General Motors invested in Lithion Recycling, a battery-recycling startup working to recover materials from end-of-life lithium-ion batteries. For GM, the investment tied into broader efforts to build a more sustainable EV battery lifecycle as production ramps up.
Lithion developed a recycling process designed to recover a high percentage of battery materials, including lithium, nickel and cobalt, so they could be reused in future battery production. From GM’s perspective, the relationship offered early insight into emerging recycling technologies that could help reduce reliance on newly mined materials over time. For Lithion, the partnership provided capital and access to industry expertise as it worked to scale its technology.

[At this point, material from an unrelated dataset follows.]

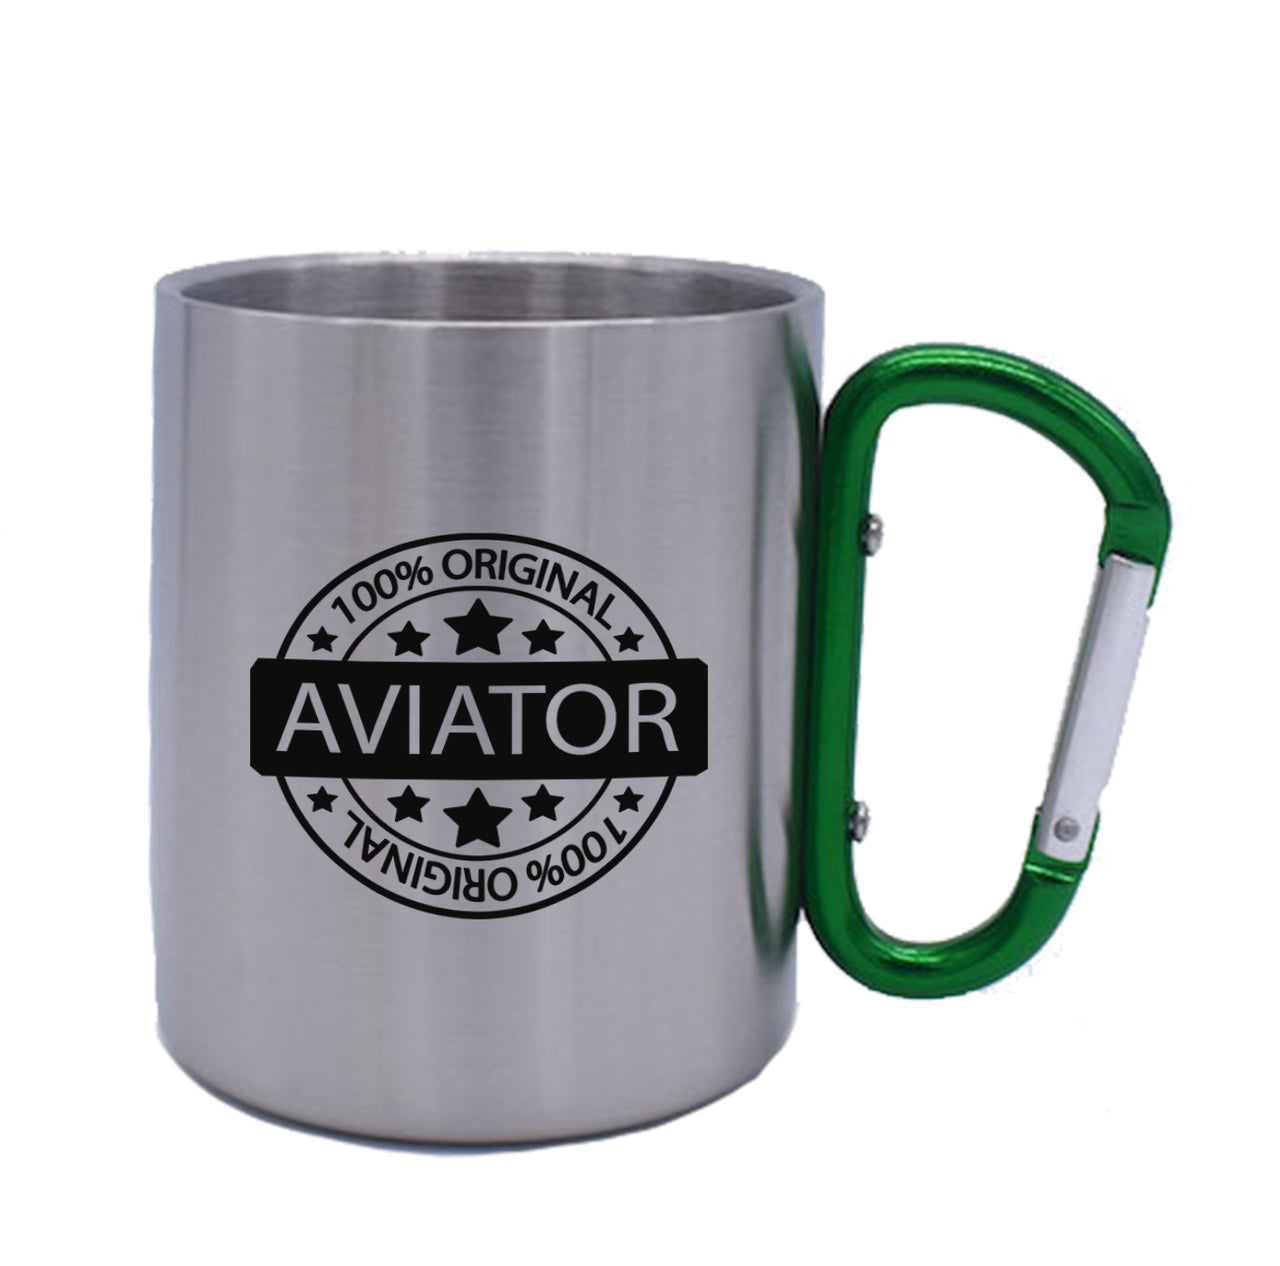 %100 Original Aviator Designed Stainless Steel Outdoors Mugs

The collaboration later stalled as Lithion faced financial challenges, and the partnership did not advance beyond exploratory work.
Partnerships between startups and large companies aren’t always easy, and there are no guarantees, but they can be worth the effort when both sides go in with clear expectations. Startups bring speed, new ideas and a willingness to experiment. Enterprises bring resources, experience and access to markets that are hard to reach alone.
When those strengths line up, collaboration becomes less about big promises and more about practical progress. The companies that get the most out of these relationships tend to focus on trust, communication and shared goals, and they build partnerships that make sense for where both businesses are today, not where they hope to be someday.
Alex Goryachev contributed to this article.